The recommended way of installing is through conda:

git clone https://github.com/katerinakazantseva/stRainy
cd stRainy
git submodule update --init
make -C submodules/Flye
conda env create -f environment.yml -n strainy

Note that if you use an M1 conda installation, you should run conda config --add subdirs osx-64 before installation. Find details here

Once installed, you will need to activate the conda environment prior running:

conda activate strainy
./strainy.py -h

Quick usage example

After successful installation, you should be able to run:

conda activate strainy
./strainy.py -g test_set/toy.gfa -q test_set/toy.fastq.gz -o out_strainy -m hifi 

Limitations

stRainy is under active development! The current version is optimized for a relatively simple bacterial communities (one or a few bacterial species, 2-5 strains each). Extending stRainy to larger metagenomes is a work in progress.

Input requirements

stRainy supports PacBio HiFi and Nanopore (Guppy5+) sequencing.
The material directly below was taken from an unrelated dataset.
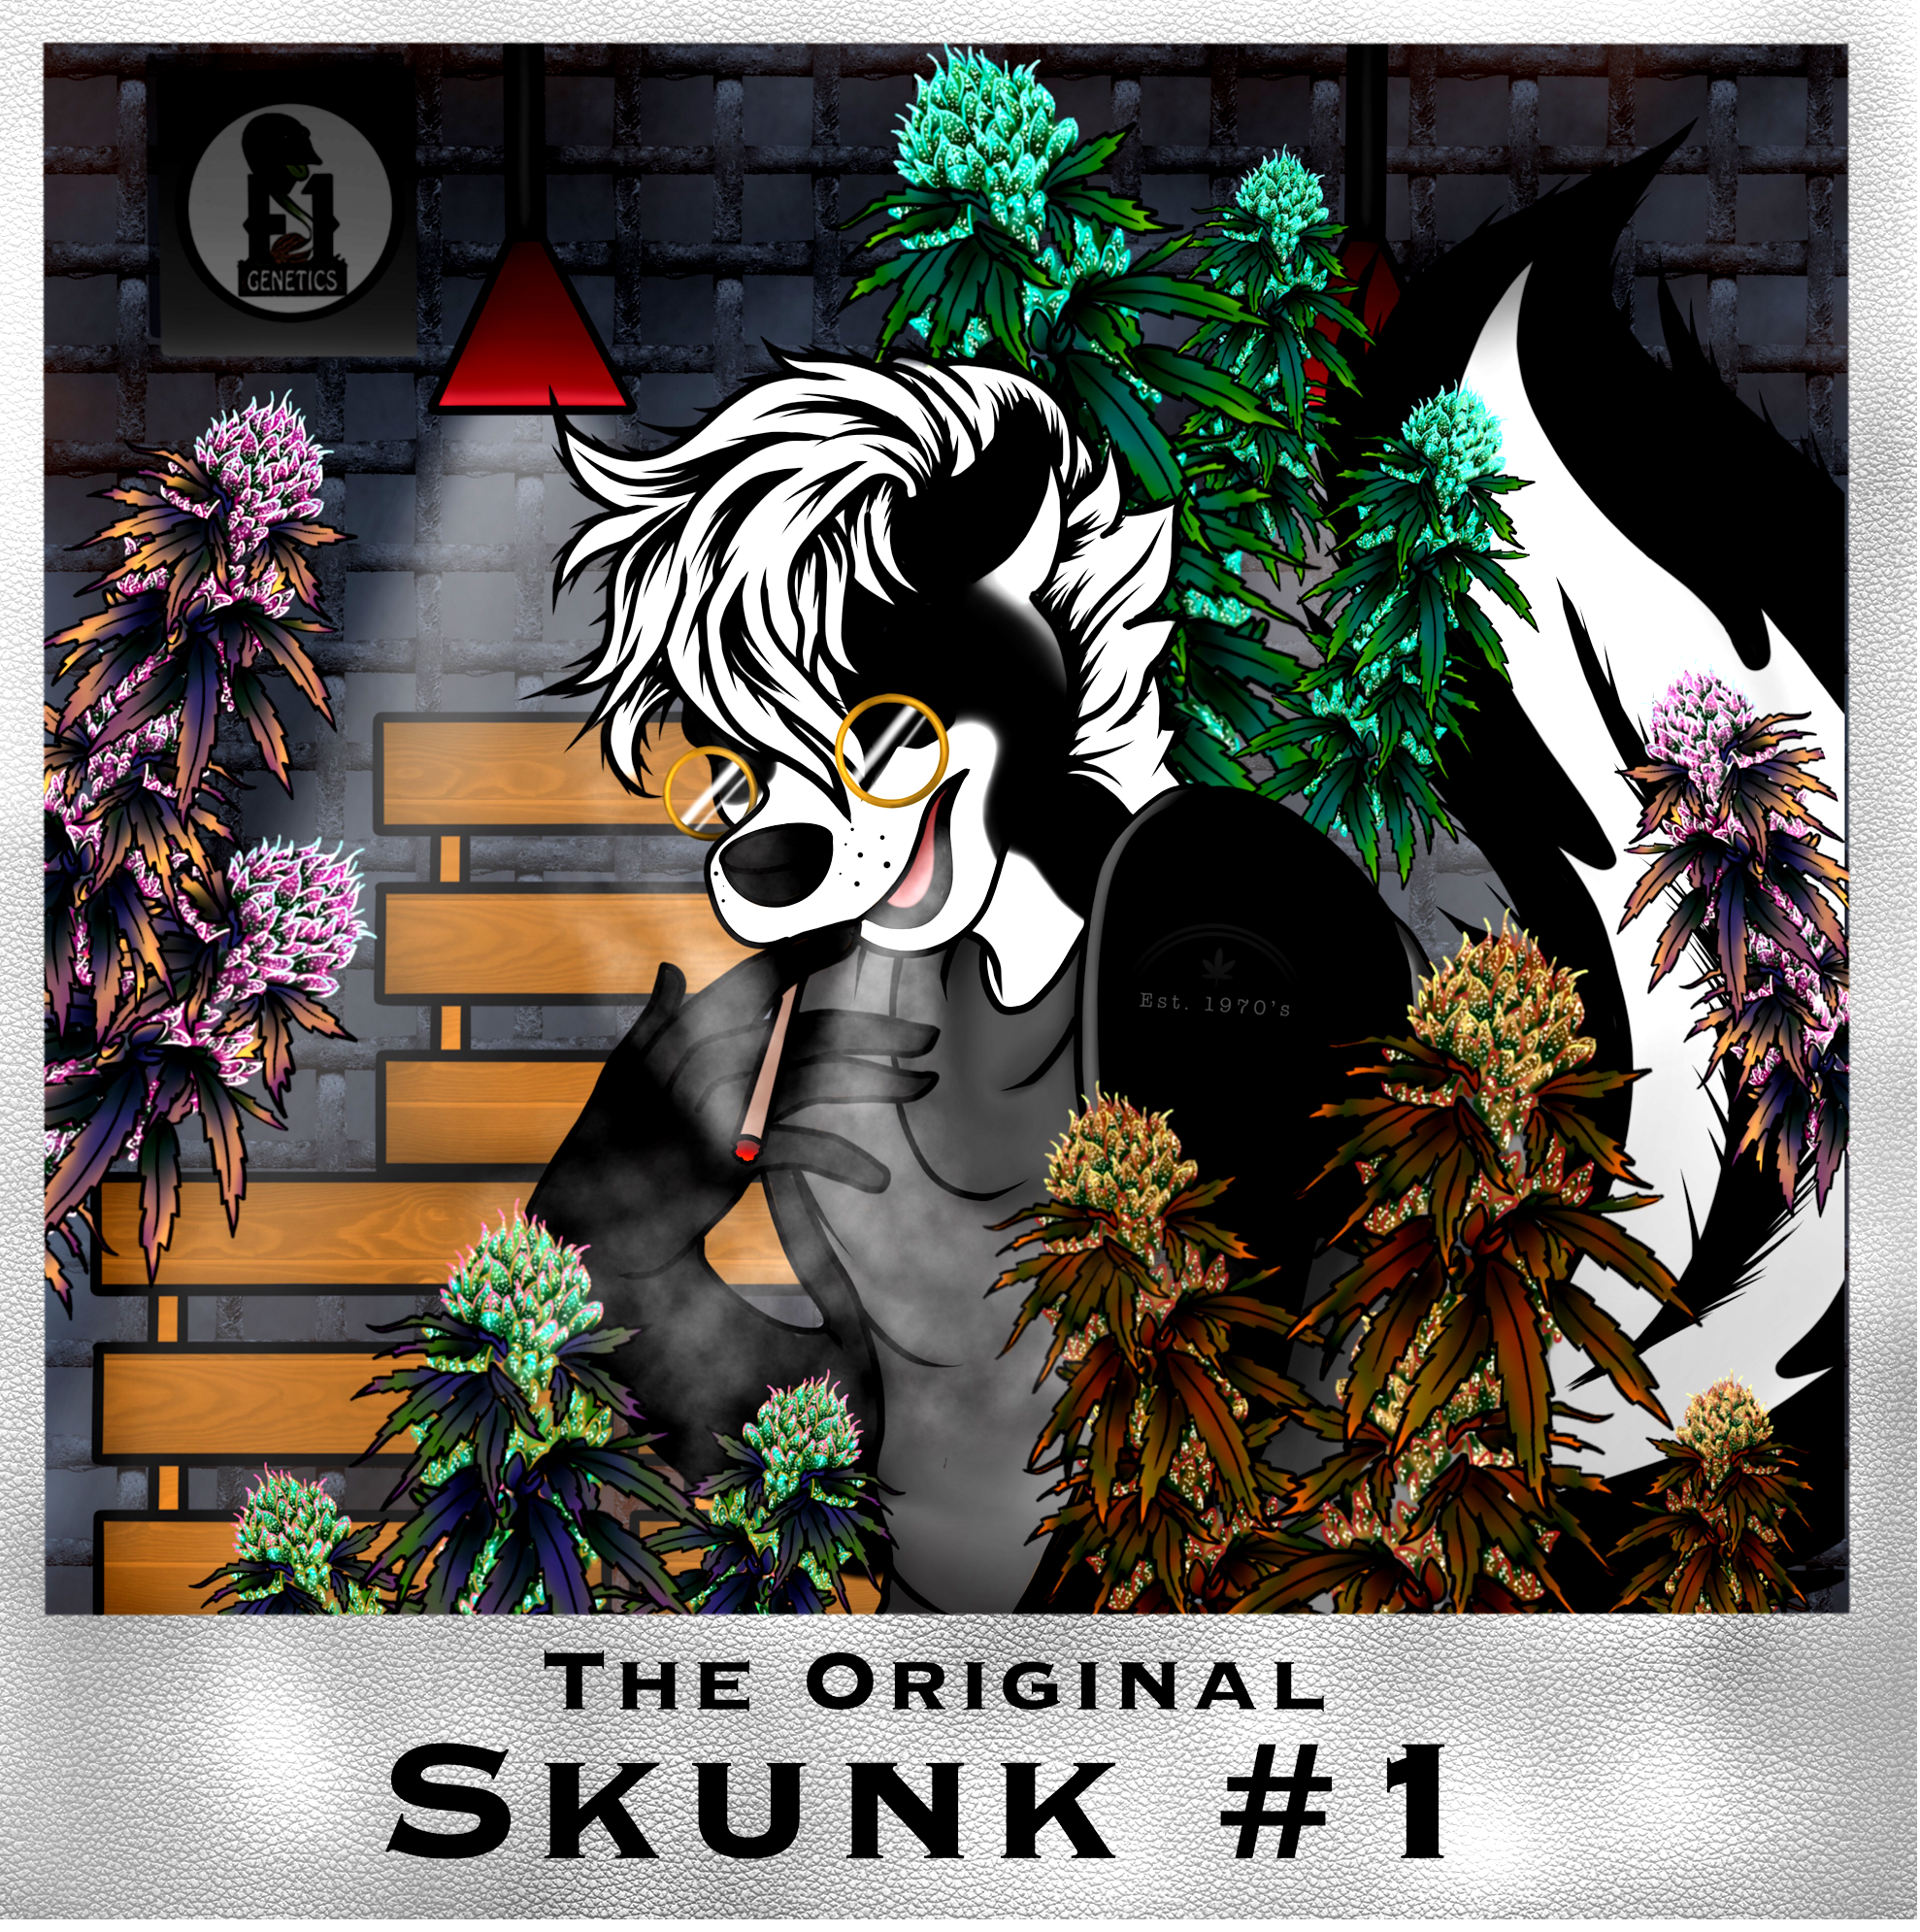 Skunk #1 (Original) from Sam the Skunk Man, Dave Watson

The two main inputs to stRainy are:

  1. GFA file (can be produced with metaFlye or minigraph) and
  2. FASTQ file (containing reads to be aligned to the fasta reference generated from the GFA file).
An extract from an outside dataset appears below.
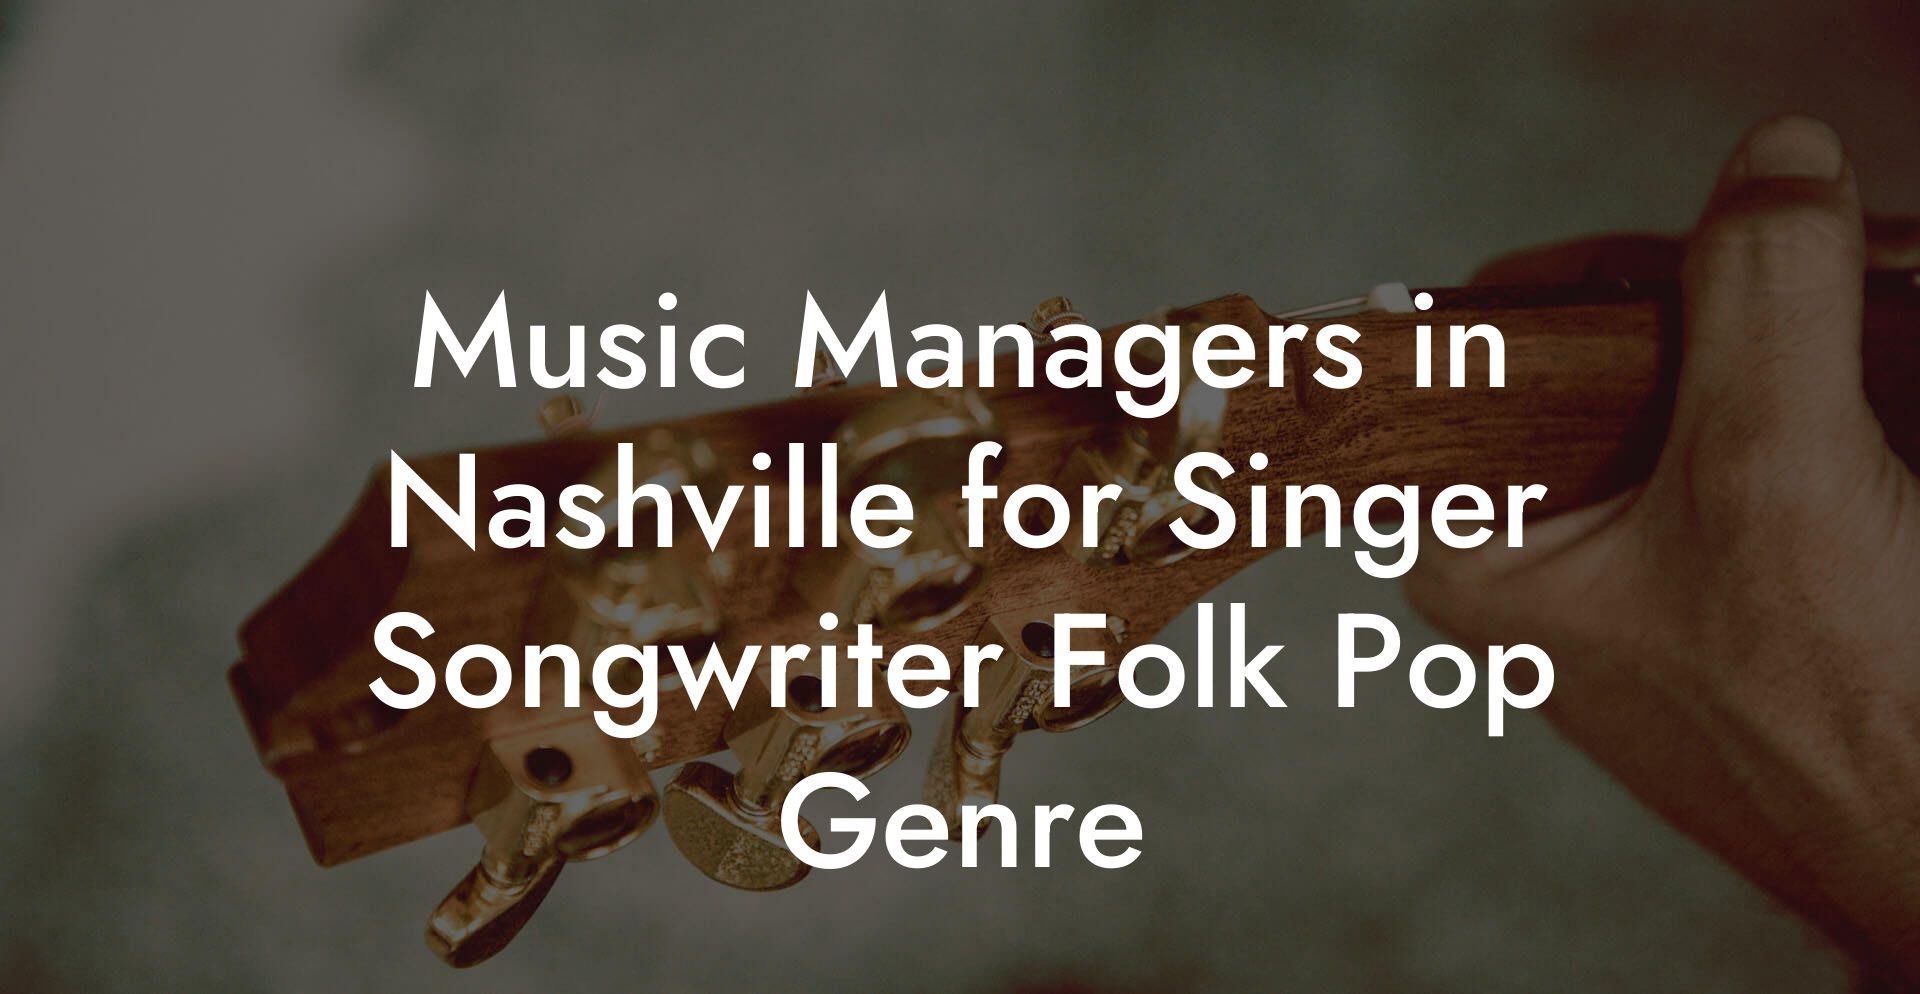 Music Managers in Nashville for Singer Songwriter Folk Pop Genre

Improving de novo metagenomic assmbelies

We have tested stRainy using metaFlye metagenoimic assembly graphs as input. The recommended set of parameters is --meta --keep-haplotypes --no-alt-contigs -i 0.

Note that -i 0 disables metaFlye's polishing procedure, which we found to improve read assignemnt to bubble branches during minimap2 realignment. --keep-haplotypes retains structural variations between strains on the assmebly graph. --no-alt-contigs disables the output of "alternative" contigs, that can later confuse the read aligner.

Usage and outputs

stRainy has 2 stages: phase and transform. With the command below, stRainy will phase and transform by default. Please see Parameter Description section for the full list of available arguments:

./strainy.py -g [gfa_file] -q [fastq_file] -m [mode] -o [output_dir]

1. phase stage performs read clustering according to SNP positions using community detection approach and produces csv files with read names, corresponding cluster names and a BAM file. The BAM file visualises the clustering of the reads.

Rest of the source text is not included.